Two of the virus genomes, EAV1 and SINV10 in EA were divergent and did not cluster with any established virus taxa. Blastp analysis of the RdRp of EAV1 identified close relatives including the Milolii virus from ghost ants (MF155030), the Alber virus (from an unknown species of ant from Lebanon [Alex Greninger—personal communication]; KX580900), Solenopsis invicta virus 7 from the red imported fire ant (MH719200), and the Bundaberg bee virus 8 from the honeybee (MG995704). Interestingly, this potentially new family is composed entirely of viruses from Hymenopteran hosts.

Solenopsis invicta virus 10 in electric ant is most certainly SINV10 identified previously from the fire ant, S. invicta [42]. The replicative genome of SINV10 in EA was detected in W. auropunctata, which indicates that this ant serves as host. Tests to examine the ability of SINV10 to replicate in S. invicta were not conducted [42] so it is not known if S. invicta is a true host to SINV10. Thus, the true host (or host range) of SINV10 cannot be ascertained currently.

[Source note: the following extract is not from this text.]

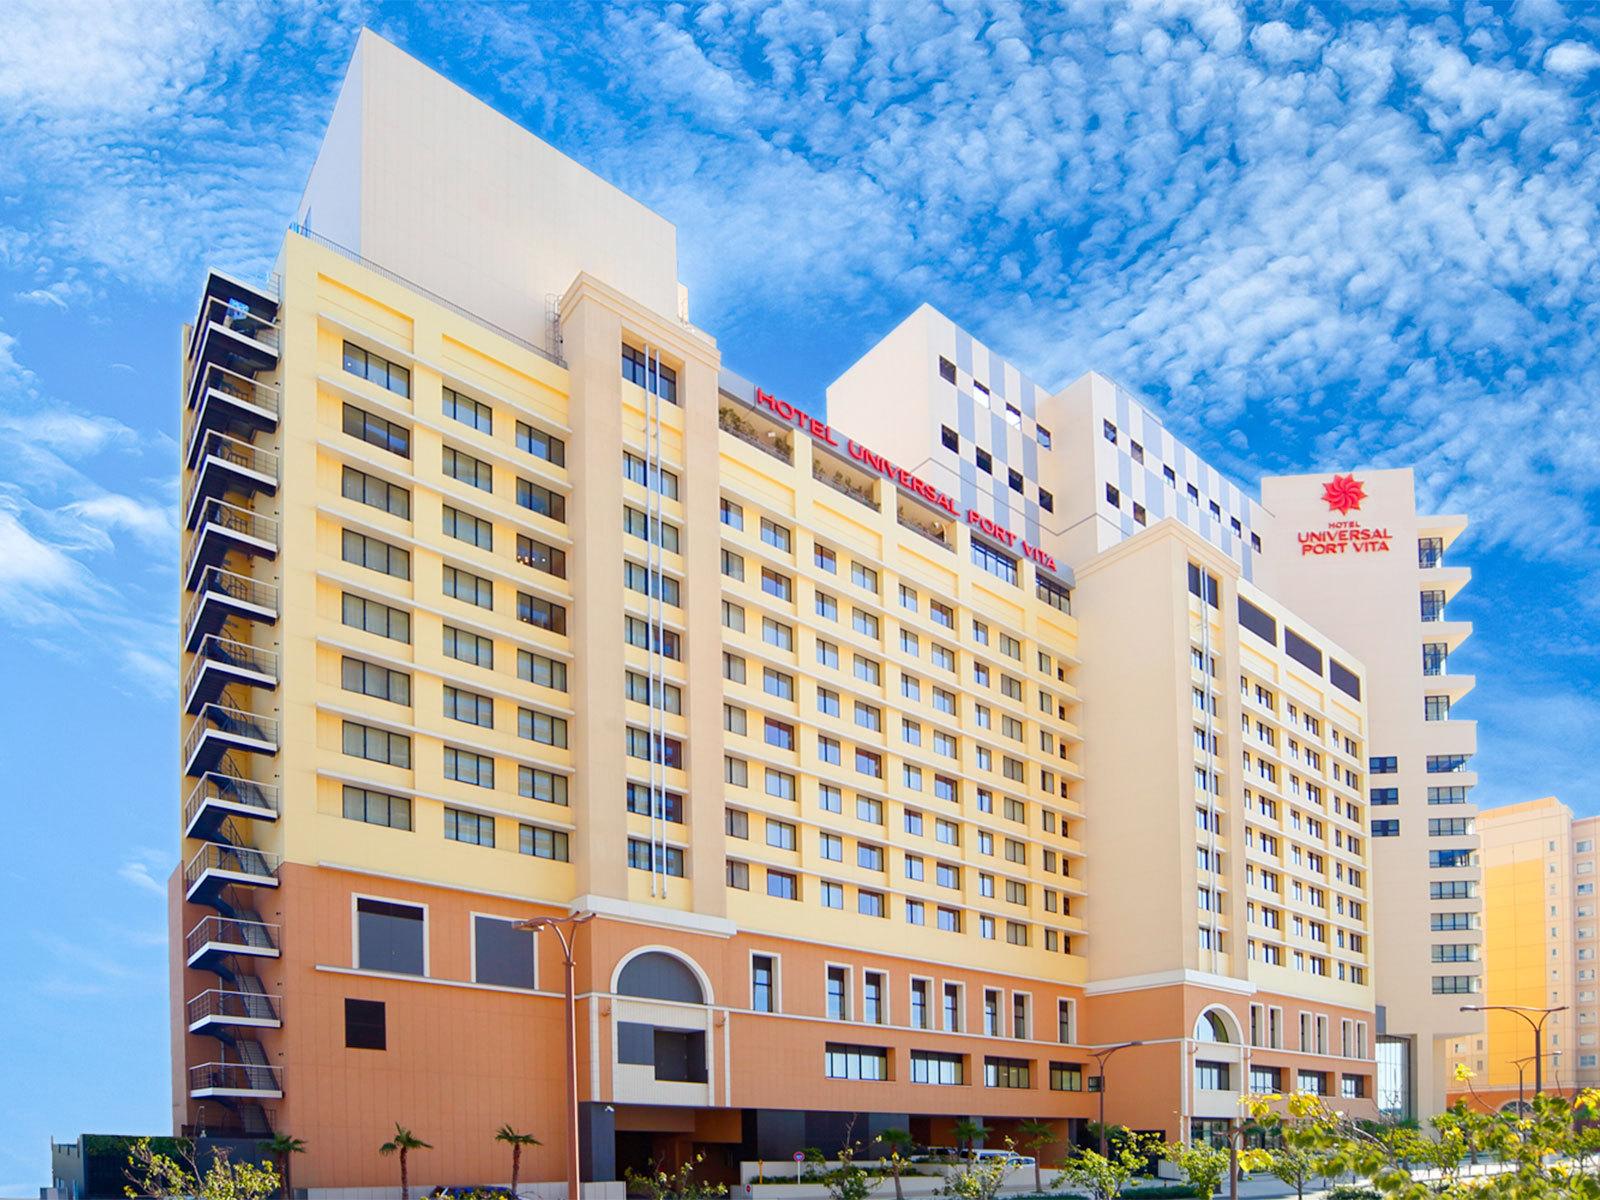 ホテルユニバーサルポートヴィータ

W. auropunctata is omnivorous [44] so we were keenly aware that a virus sequence derived from a transcriptome may have originated from another organism that had been ingested. However, all seven of the virus genome sequences were highly expressed across the entire genome (Supplementary Fig. 2) suggesting that replication was occurring as would be expected with active viral infections (as opposed to ingestion of a relatively small number of packaged virus particles). In addition, the replicative genome of four of the viruses (EAPV2, EASV, EAV1, and SINV10 in EA) was detected in W. auropunctata, which indicates that the ant most assuredly serves as their host [5]. Failure to detect the replicative strand could have been from evaluating an incorrect stage or developmental period. Thus, the electric ant may serve as host for EAPV1, EADV, or EARV, but the replicative strand was simply missed.

In Argentina, nearly all of the virus sequences were widely distributed across the country (Table 2, Fig. 7), which is composed of a mix of sexually and clonally reproducing populations [4]. It will be interesting to investigate whether both reproductive forms (clonal and sexual) can serve as host to these viruses. The maternally inherited symbiont Wolbachia was found to be limited largely to sexually reproducing W. auropunctata populations in its native range [4]; Wolbachia was rarely detected in clonal invasive and clonal native populations [35]. Loss of symbionts (like Wolbachia), parasites, and natural enemies has been observed in other introduced populations of various species of ants that may have facilitated their success in introduced areas [34, 37, 47]. Interestingly, Wolbachia infections that do not induce reproductive parasitism have been shown to offer protection against viral infections [14]. For example, Drosophila melanogaster flies infected with Wolbachia are less susceptible to mortality from RNA viruses [14]. Have clonal populations of W. auropunctata lost their Wolbachia symbionts because they no longer benefit from their presence regarding RNA virus infection? Future investigations into the relationships between Wolbachia, RNA viruses, and the reproductive form of W. auropunctata are anticipated.

While insecticides can be temporarily effective at reducing the population and impact of W. auropunctata [3, 13, 38], sustained control of this pest ant will certainly rely on natural enemies [45]. Being one of the worst invasive species in the world [26], it is surprising that only two natural control agents are known from W. auropunctata [23, 28]. Despite the unknown impact of the viruses described here, they offer an attempt to identify new natural control agents and a starting point to investigate them. Also demonstrated here and by others, the metagenomics method greatly accelerates the prospecting phase for discovery of virus natural enemies [25].